When I saw the news alert, I initially thought it was an update on her recovery. What I read though struck me like a thunderbolt. The communication was that she had passed on.

I had previously met her in the course of work. First was when she visited the University of Nairobi during a function we had organised at the School of Law, Parklands Campus.

The occasion was to discuss land governance assessment we had undertaken under a methodology developed by the World Bank and applied across several countries in the world. She had accompanied Land secretary Prof Jacob Kaimenyi.

The second occasion was during the annual World Bank Land and Poverty Conference held in Washington, DC. El-Maawy was leading the Kenyan delegation. We got to meet and had discussions together with her and the World Bank team.

On both occasions, she came across as unassuming, clear on her docket, patriotic, conscientious and respectful. She also was interested in developing strong linkages with the academy in a bid to solve the country’s intractable land problems.

Her approach was such that you could not get away with generalities or sweeping statements on land issues. Yet she was also willing to listen and take on board other views, even if divergent as long as they were reasoned and objective. This is a rare quality.

Her character and performance gave meaning to the character of public service that the Constitution envisages.

The values and principle expected of public servants are those of efficiency and effectiveness, high standards of professional ethics and involvement of the public in policy making amongst others.

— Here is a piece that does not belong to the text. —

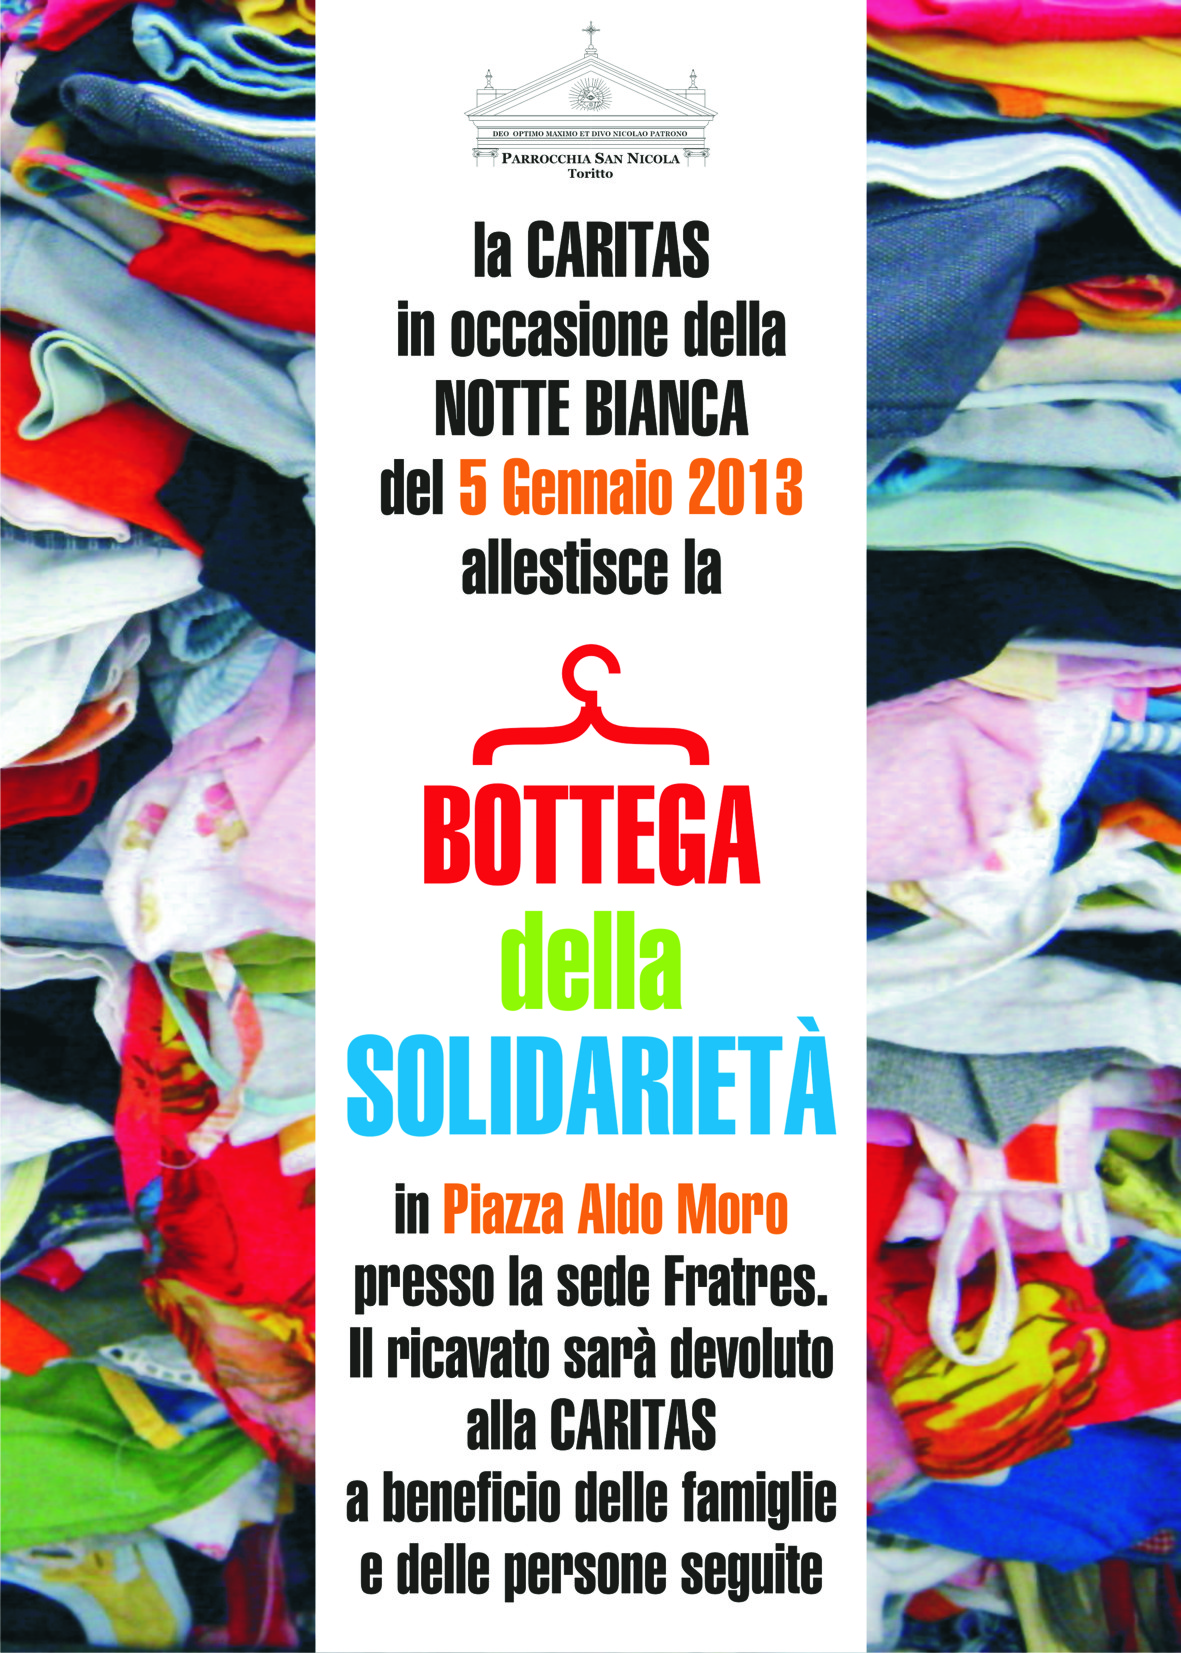 locandina_bottega_della_solidariet.jpg

Far too often though there is contestation as to whether public servants take these prescriptions to heart in the discharge of their responsibilities.

It is, therefore, refreshing to have interacted with El -Maawy in her Land docket. Even if you had different views, you still agreed on the common good for the country.

The best example for me was when during the World Bank Conference where we easily agreed on pushing back some proposal being made to hold a discussion on some land issue in Kenya during the month of August.

While the issue was important, the actors who had been involved in the process failed to appreciate the election context of the country during that month and the danger of the matter being politicised. We eventually pushed for an alternative date.

There are two issues we have to focus on as part of celebrating the legacy of El-Maawy. First relates to security. The threats of terrorists have been with this country for some time now. Efforts to deal with it have not fully eliminated its existence.

It is important that more be done to make the country and its people secure and to address the threats posed by terrorist groups such as Al Shabab.

In doing so, we have to focus, as a country, both on security and social solutions. The latter requires continuing to deal with the underlying reasons for radicalisation amongst the youth in society.

Secondly, her passion for land matters should encourage all actors in the sector to develop greater unity of purpose. This requires realisation that the challenges that have faced the land sector for over a century will not be fully solved in a day or a few years.

We should also develop a culture of appreciating and celebrating our colleagues, friends and other Kenyans when they are still alive.

This should not be restricted to only those we are close with, but it has to apply to those we genuinely believe are doing a good a job.

It is for this reason that all citizens have to spare a thought for the life and family of the late principal secretary. She gave her all for our country and for that we are the poorer with her untimely death.